News

AFS Trinity Signs Accord with Austin Energy to Bring Extreme Hybrid&trade Closer to PIP Fleets

August 21, 2006 by Jeff Shepard

AFS Trinity Power Corp. (AFST) and Austin Energy (AE) announced the signing of a memorandum of understanding that sets the stage for Plug-in Hybrid Electric Vehicles (PHEVs) to be put into the participating fleets of the Plug-in Partners (PIP) consortium of utilities and municipalities.

Although many hurdles still need to be surmounted before the first Extreme Hybrid™ rolls into a PIP participant fleet, "we took a big step today," said Roger Duncan, the Deputy General Manager of Austin Energy, which is the founding participant of PIP. Duncan continued, "The deal we signed today gives PIP participants the opportunity to be among the first to order AFS Trinity Extreme Hybrid™ vehicles. PIP's job is to encourage our members to lease these vehicles. AFS Trinity's objective is to complete development of the prototype and involve an automotive OEM as a development partner. All of these things must be accomplished for the agreement to work."

Duncan also noted that PIP regards this agreement as one of the most important developments to date in the plug-in hybrid field. The AFS Trinity technology is expected to permit PHEV cars and SUVs to have the same acceleration and highway speed performance in all-electric mode (when zero fuel is used) as when they are operated as conventional hybrids. In essence, for the first 40 miles that are driven, the XH™ is expected to have all of the benefits of a fully electric vehicle's zero fuel consumption and zero emissions but with performance equal to a conventional vehicle. This is significant because a 40- mile range is adequate for the daily driving needs of 75% of American drivers. Then, as a bonus, if and when necessary, the car can be operated in hybrid mode, increasing its range to more than 450 miles. In May, AFS Trinity announced it had filed a patent for an Extreme Hybrid™ drive train that makes possible a plug-in hybrid that will achieve mile-per-gallon figures of more than 250 MPG as a car and more than 150 MPG as an SUV.

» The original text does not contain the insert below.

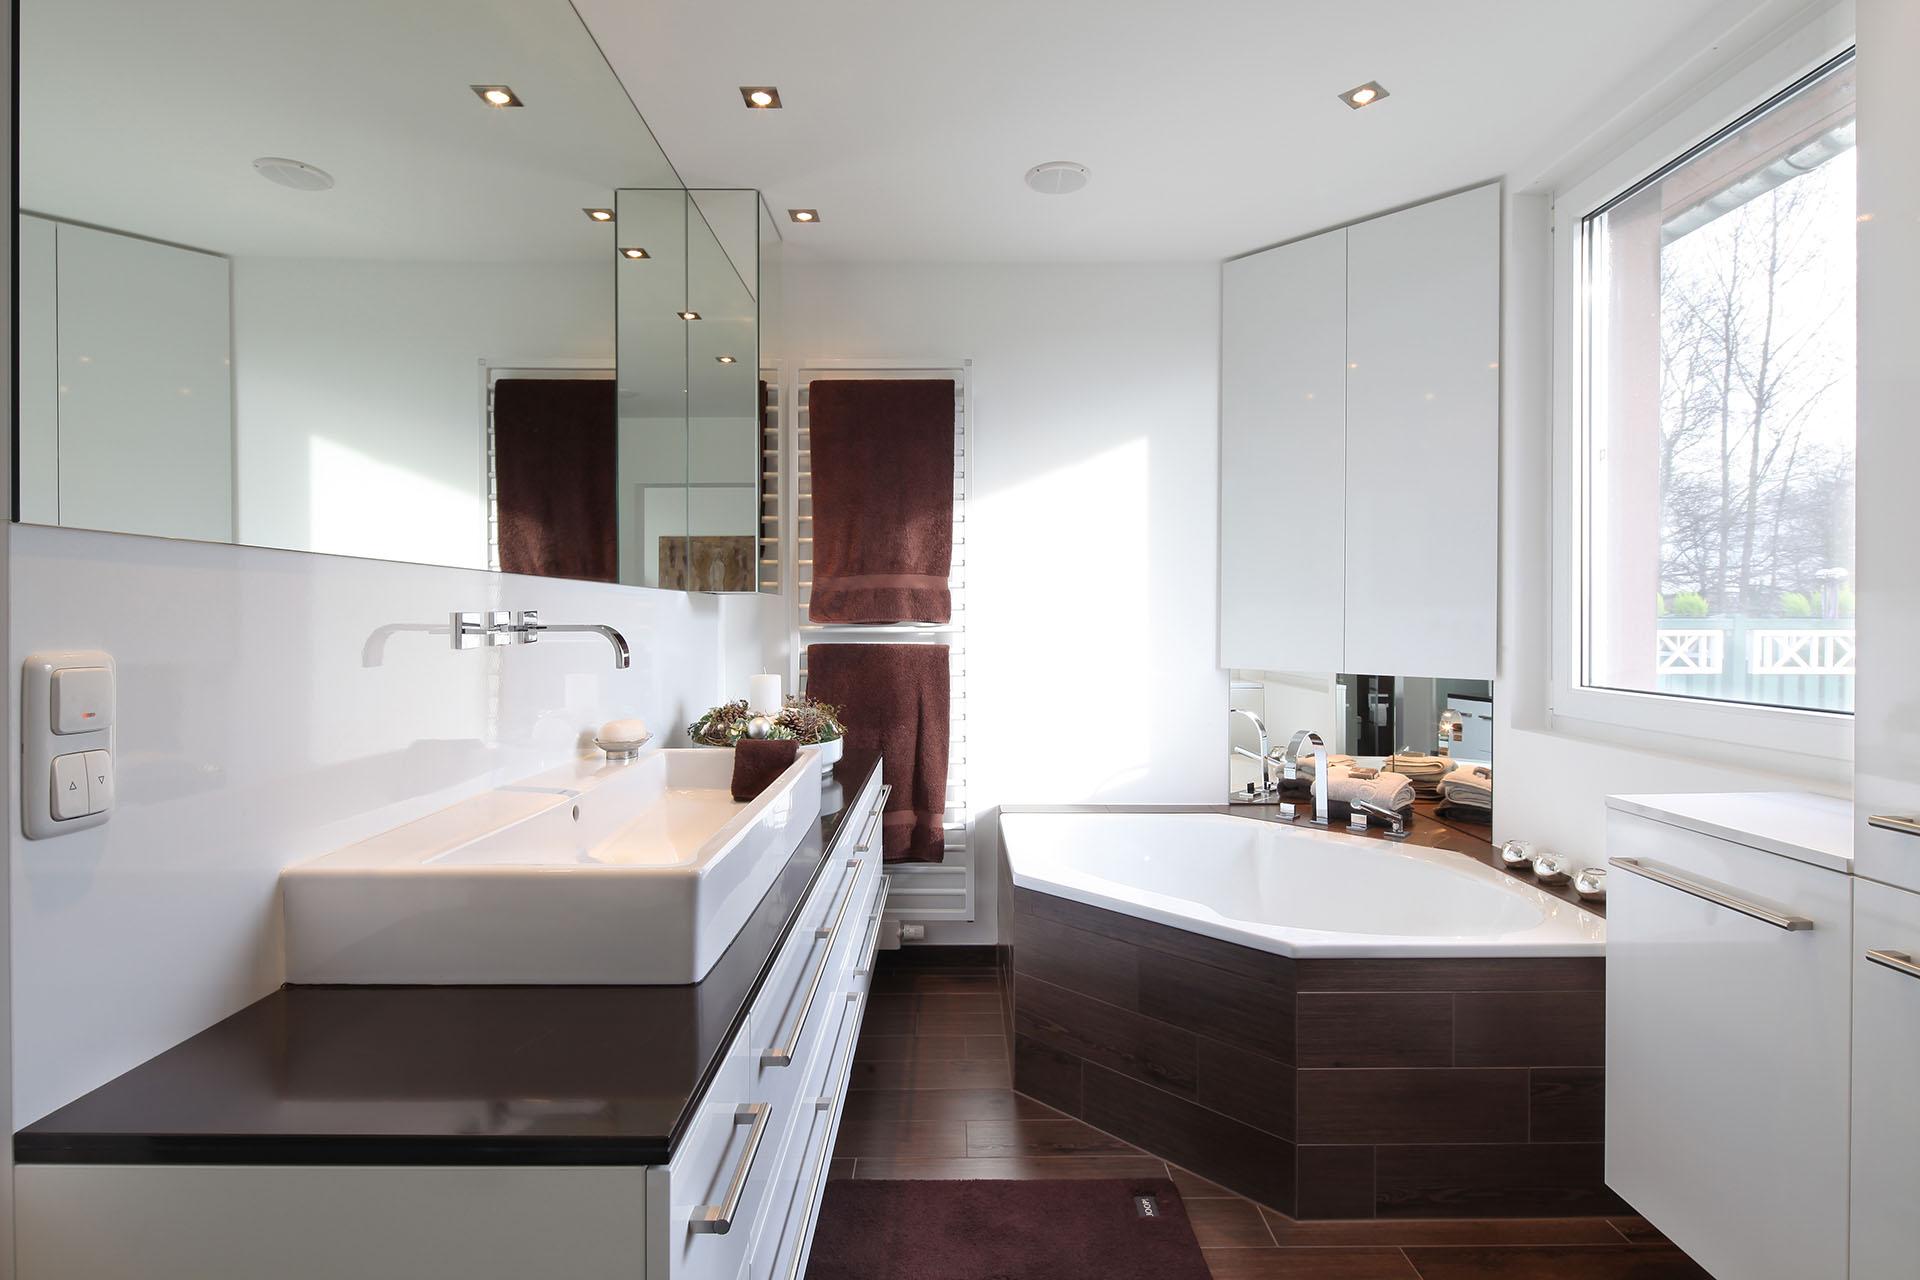 Badezimmer in braunt nen glaescher design innenausbau raumplanung und raumgestaltung in - Raumgestaltung badezimmer ...

Edward W. Furia, AFST's CEO, said, "This agreement is important not just as a validation of our technology but also as a clear path toward its commercialization. We have been talking with carmaker OEMs in the U.S. and in three other countries for several months. Once we complete an agreement with one or more of them, we will be able to specify the model and price of the vehicles we can offer to PIP participants."